We had entered a new phase. It was one of high medical debt, and maxed out credit cards. There was no end in sight to this new phase either, especially after I fell and broke my shoulder. Five surgeries if the first year alone. My mother had to be moved to a nursing center and I still needed to be with my mom often. She still needed me. I had to be sure that she was taken care of properly. I had to take her laundry home and wash it because her clothes disappeared when they went to the laundry there. Dementia in the first stage was waiting at home for me.

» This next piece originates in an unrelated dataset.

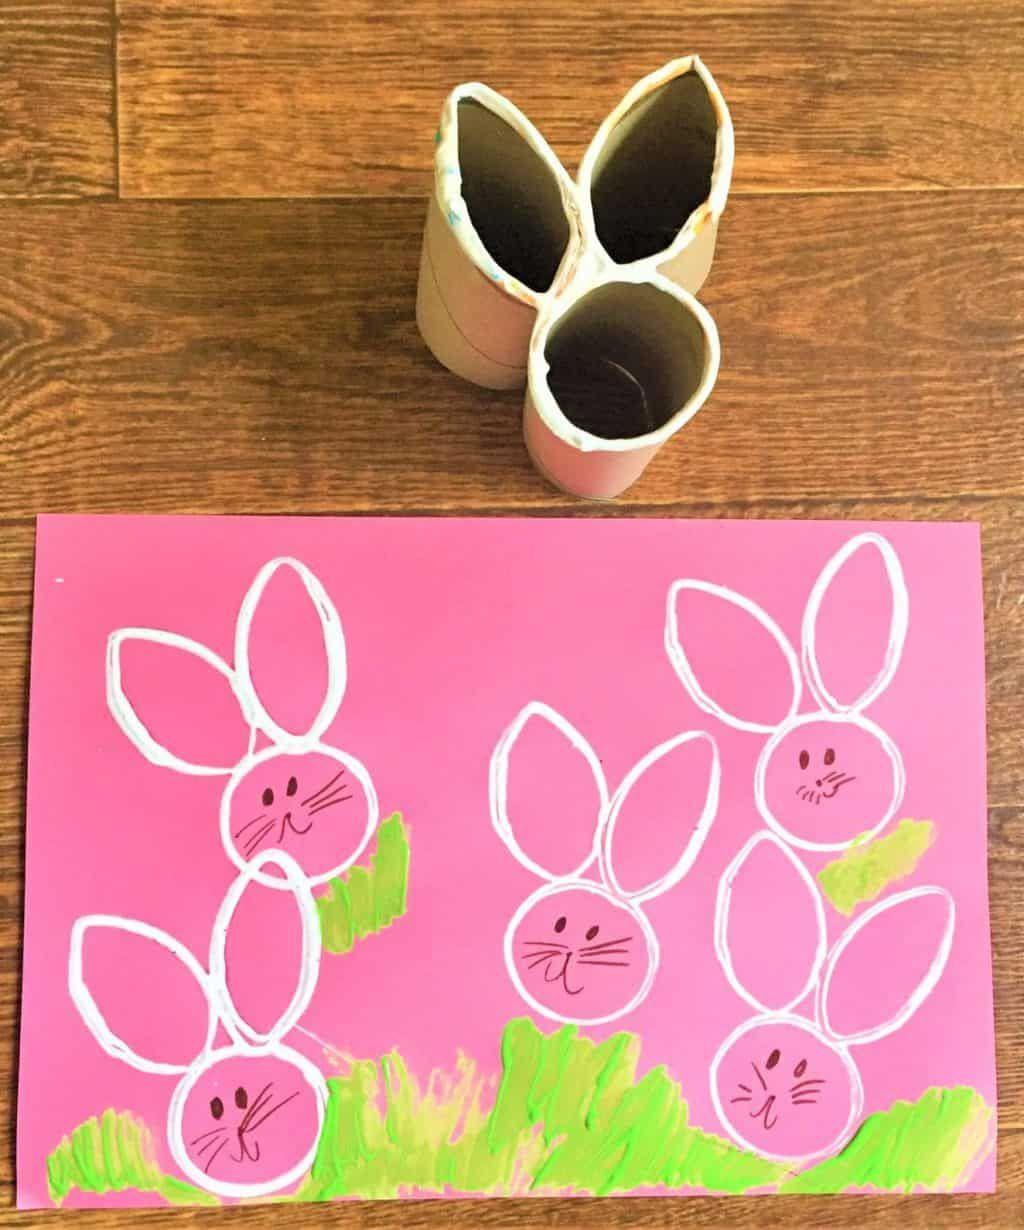 32 Easter Bunny Crafts for Kids   Bunny crafts, Easy easter crafts ...
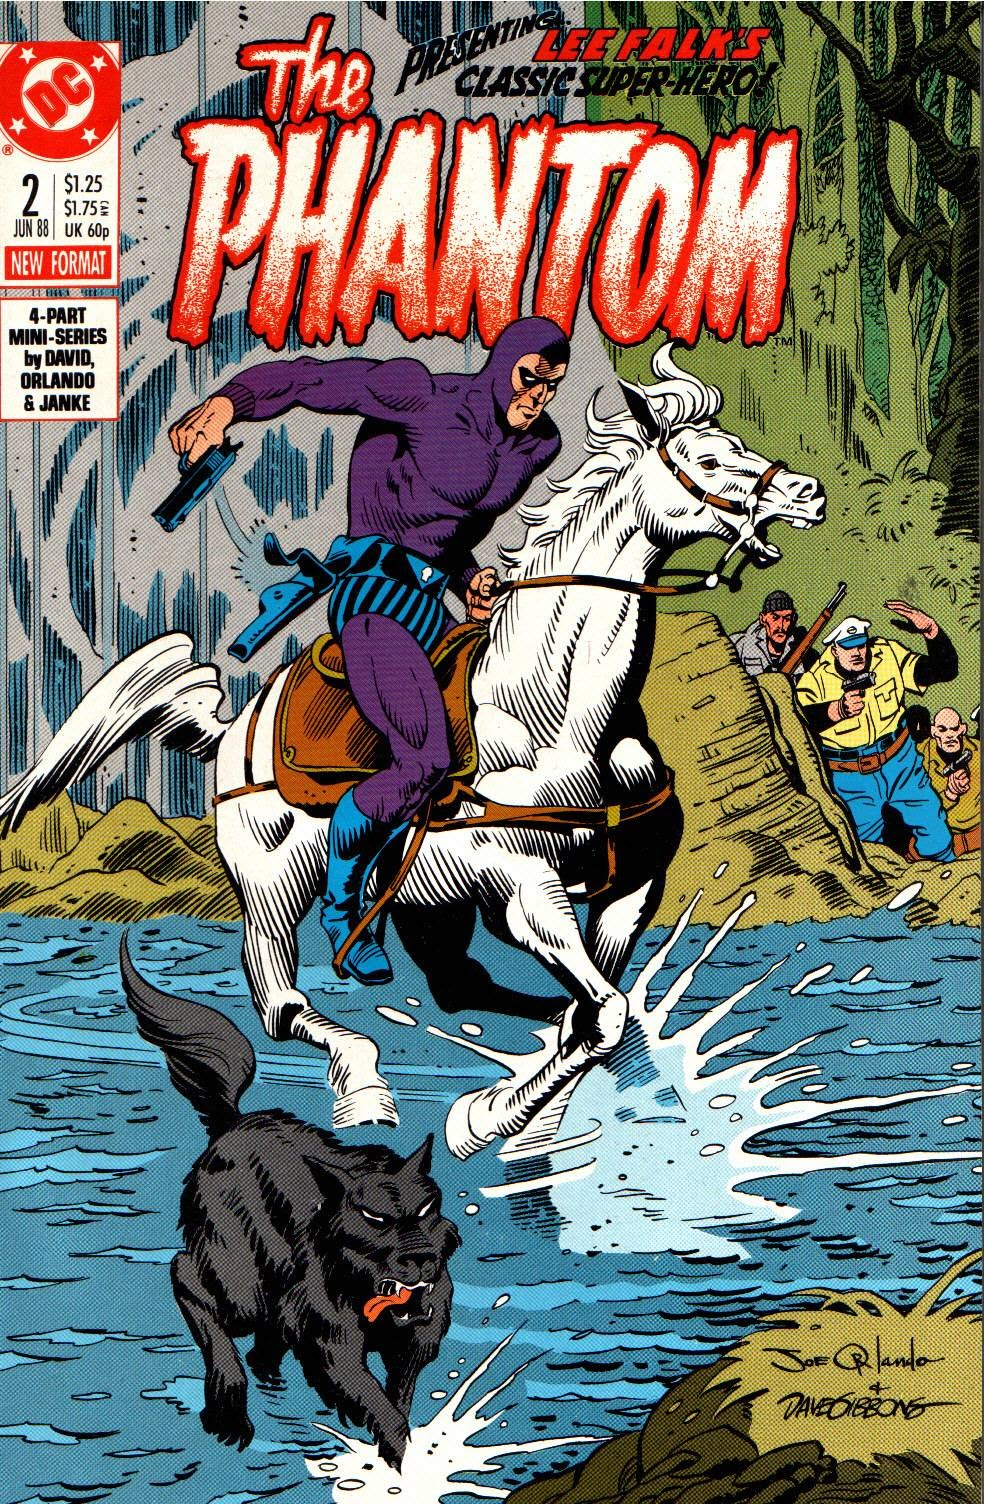 Read online The Phantom (1988) comic -  Issue #2 - 1

It does sound like I’m whining, but I’m really not. My mom died a few years ago. The dementia is in the late fourth stage, but I don’t mind. Our bills are under control and we now live in a one bedroom apartment. I wouldn’t say that life is good, but for me it is. I still have my husband home with me. I rejoice each day that we are able to communicate and be understood by each other. That is a joy in my life.

In the early years of our marriage, he had to care for me. He did it so lovingly, and never complained. He was there for each medical emergency, and each surgery. Now it is my privilege to care for him. I hope that I can do that with the same love and gentleness that he has done for me all these years. So now begins the final phase of our lives and I will still thank our heavenly father for His Kingdom. The Kingdom we pray for, the Kingdom that will rule over the entire earth. (Rev 21:4) Tells of no more death or tears.